"Hocalarımıza 3 Soru" cevap aramaya kaldığı yerden devam ediyor. Sıradaki isim MDBF öğretim üyelerimizden Ali Koşar. Ali Hocamızın cevapları da şöyle oldu :)
Derste veya ders dışında öğrencilerle yaşadığınız sizi şaşırtan, eğlenceli veya anlamlı bir anı/anektod paylaşmak ister misiniz?
Bildiğiniz gibi geçen dönemin ilk haftalarında kar tatili gibi nedenlerden dolayı bayağı bir ders iptal olmuştu. Buna bir dersimin ders saatlerinde yapmış olduğum değişiklik de eklenince dönem ortasına gelmemize rağmen halen ders saatlerimin zamanları kafamda oturmamıştı. Oluşan karışıklıktan dolayı 2:40'ta olan bir dersim 3:40 olarak aklımda kalmış. O gün saat 2:40’ı geçmesine rağmen ben hala ofisimde çalışmaya devam ediyordum. Sağ olsun dersimi alan bir grup öğrenci ofisime gelip 'Hocam biz sınıfa geldik ama sizi göremedik. Size birşey olmasından endişe ettik, size bir bakmak için geldik' dediler. Normalde bildiğiniz üzere ögretim üyesi 10-15 dakika gelmeyince sınıf kayboluyor. Benim durumum farklı gelişti. Öğrenciler beni merak etmişler, bizzat beni aramışlar.
Sorumlu ve arkadaşça tavırları beni o an çok duygulandırmıştı. Tabii hemen sınıfa inip derse başladık. Geldiğimde sınıfın tamamına yakınının bulunması da beni daha da motive etmişti ve duygulandırmıştı. Okulda geçirdiğim 8 senenin en anlamlı anılarından biriydi.
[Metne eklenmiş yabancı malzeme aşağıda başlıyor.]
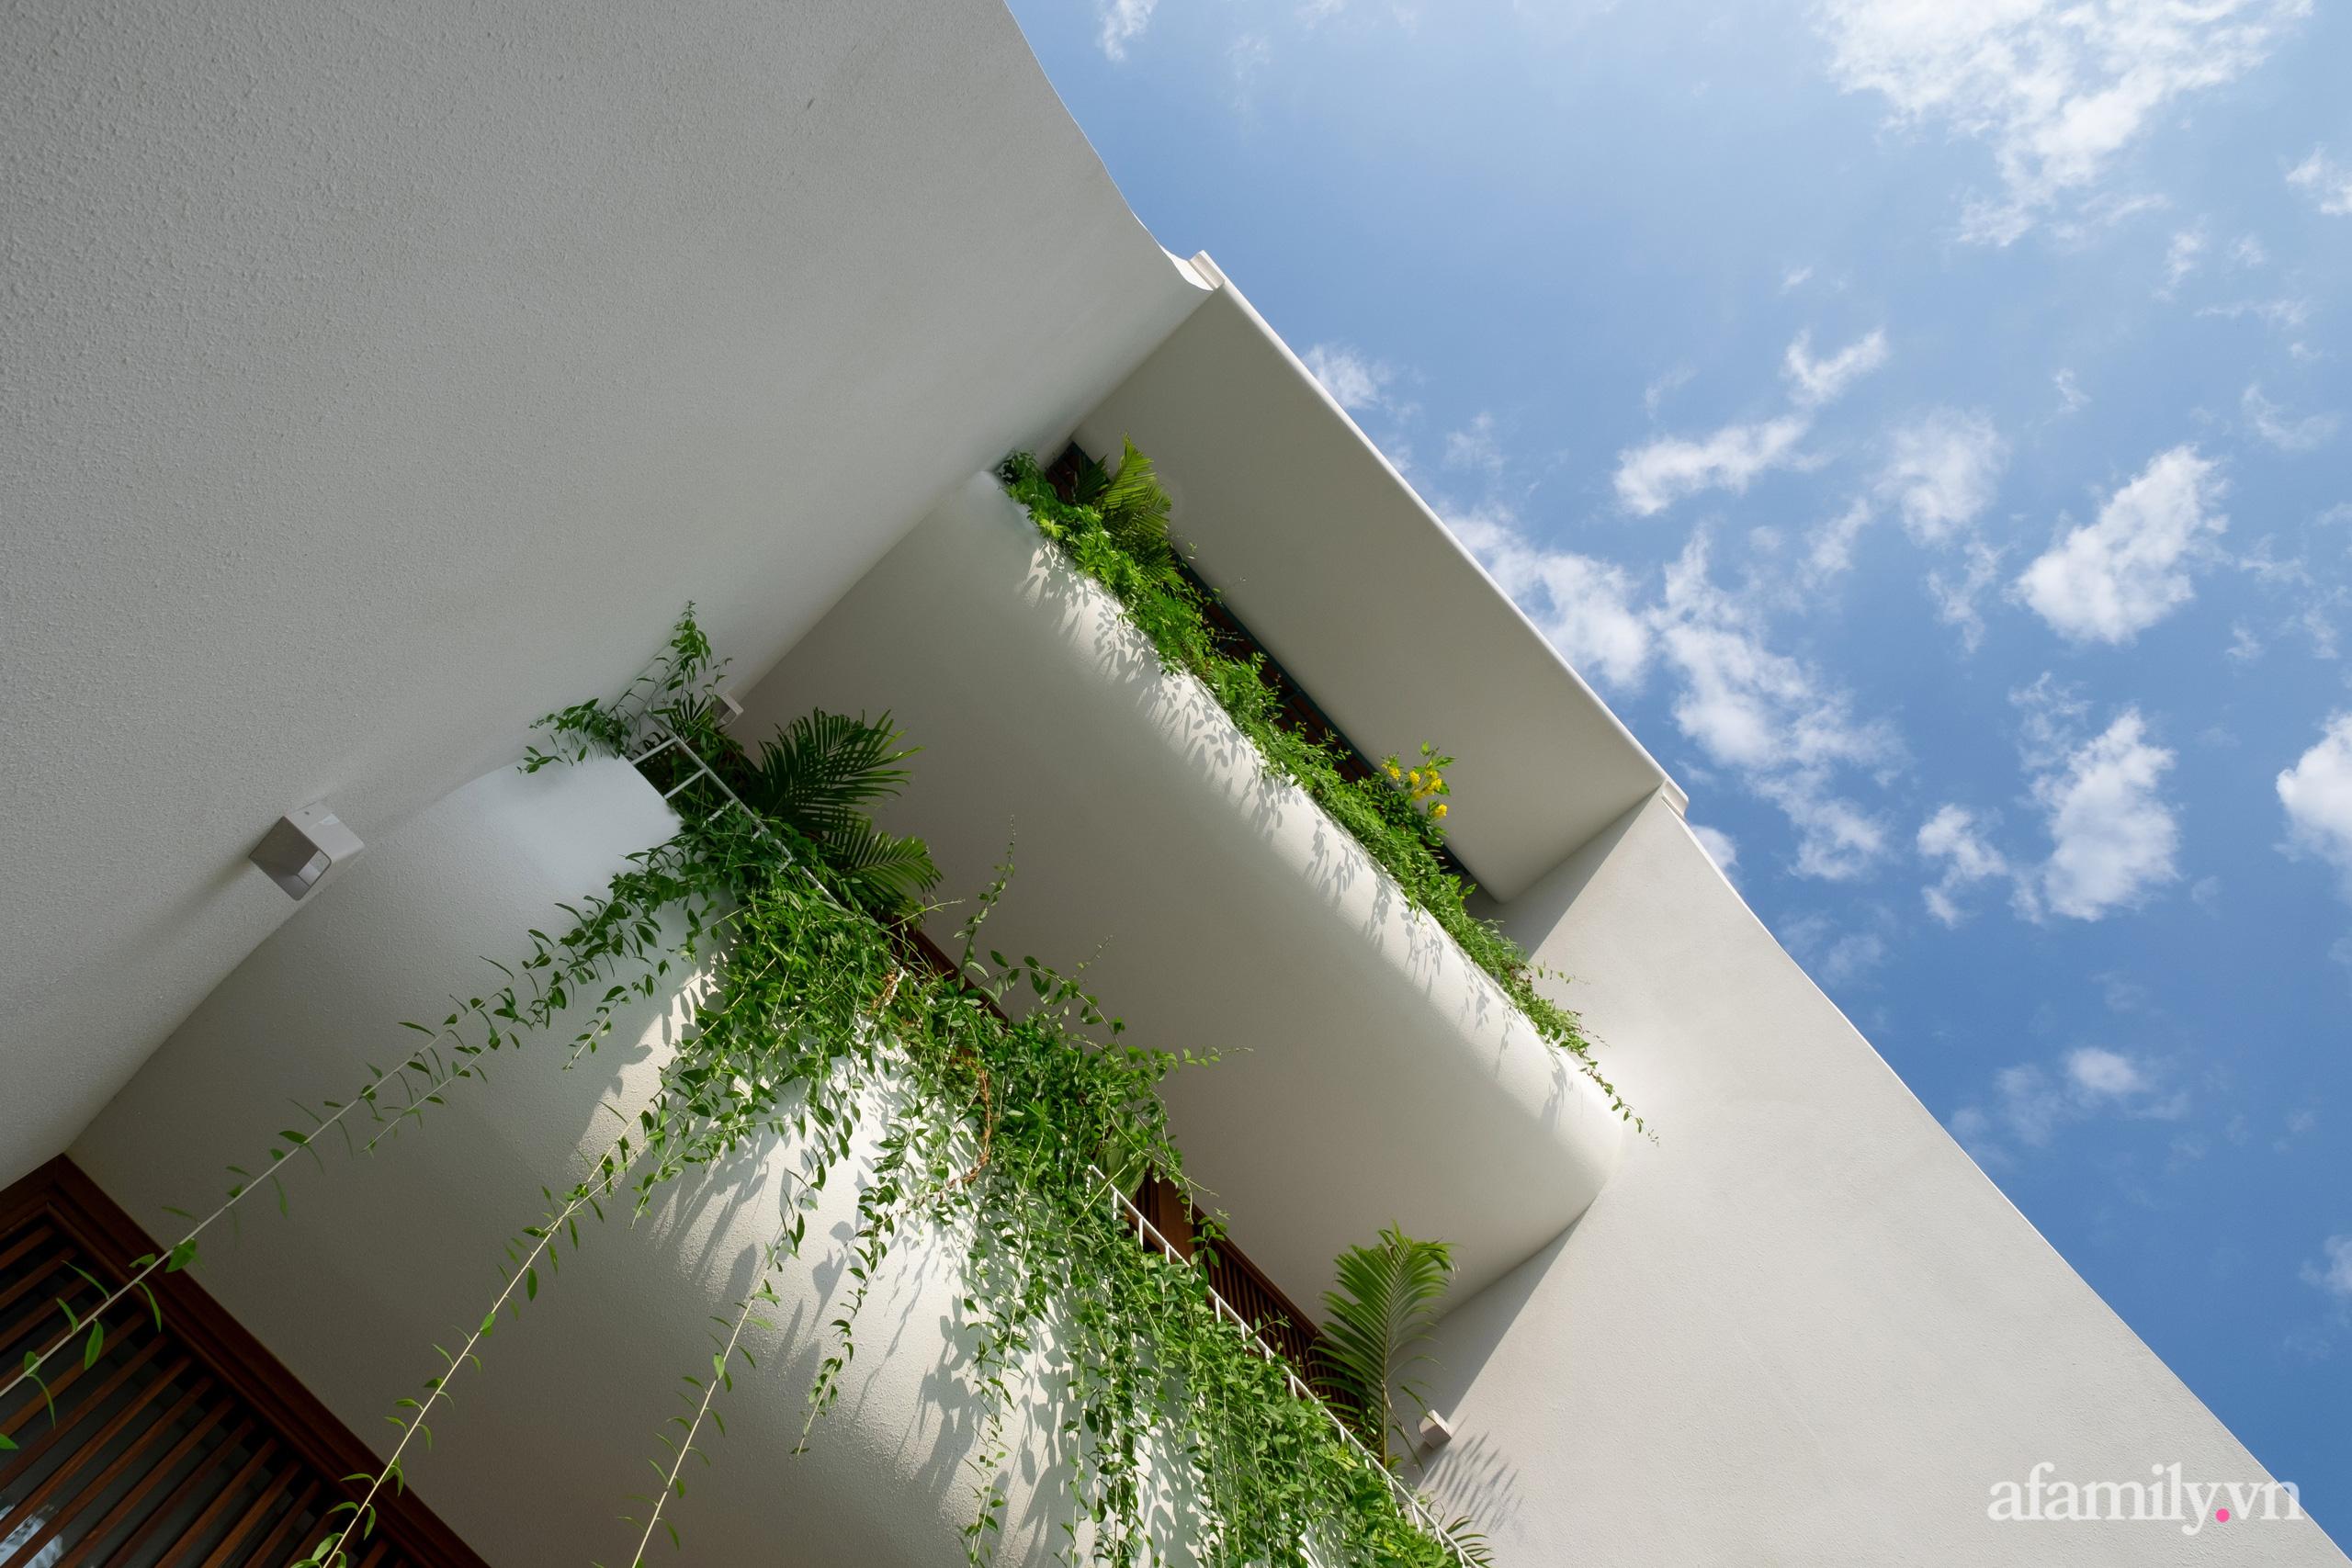 Nhà phố hướng Tây vẫn mát mẻ không cần điều hòa nhờ thiết kế gần gũi với thiên nhiên ở Nha Trang - Ảnh 3.

Biraz da öğrencileri çekiştirelim. "Bunun için de mail atılır mı yahu" dediğiniz durumlar oldu mu hiç, isim vermeden bizimle paylaşır mısınız? :)
Bir öğrencim: 'Ben derse çalışamadım. Bundan dolayı bu haftaki sınavınıza girmek istemiyorum lütfen beni bu sınavdan muaf tutun. Telafi sınavını almak istiyorum. Rapor da alıp size durumu hiç anlatmayabilirdim. Ama size dürüst davranmak istedim Hocam. Bundan dolayı beni muaf tutun lütfen.' diye mail atmıştı. Alacağı cevabı bildiği için gereksiz bir maildi. Kendisine bu maili hiç almadığımı farz et ve git raporunu al cevabını verdim :)
Peki son olarak sizden objektif bir tavsiye alalım, gizli bir karışımınız olsa öğrencilerinize bir tutam ne katmak isterdiniz?
Ben bir tutam savaşçı kişilik katardım. Öğrencilerimi çok severim. Her birinin benim için ayrı değeri var. Eleştirel açıdan bakarsam hemen her birinde gözlemlediğim karşılaştıkları zor bir durum karşısında savaşmıyorlar, zaten yapamam deyip çaba göstermiyorlar ve mücadeleyi kolayca bırakıyorlar. Savaşçı kişiliklerinin olması ve zorluk derecesi yüksek sorunlarla mücadele etmeleri kendilerini ve kariyerlerini geliştirme, kişiliklerini bulma ve saygı görme adına son derece önemli diye düşünüyorum.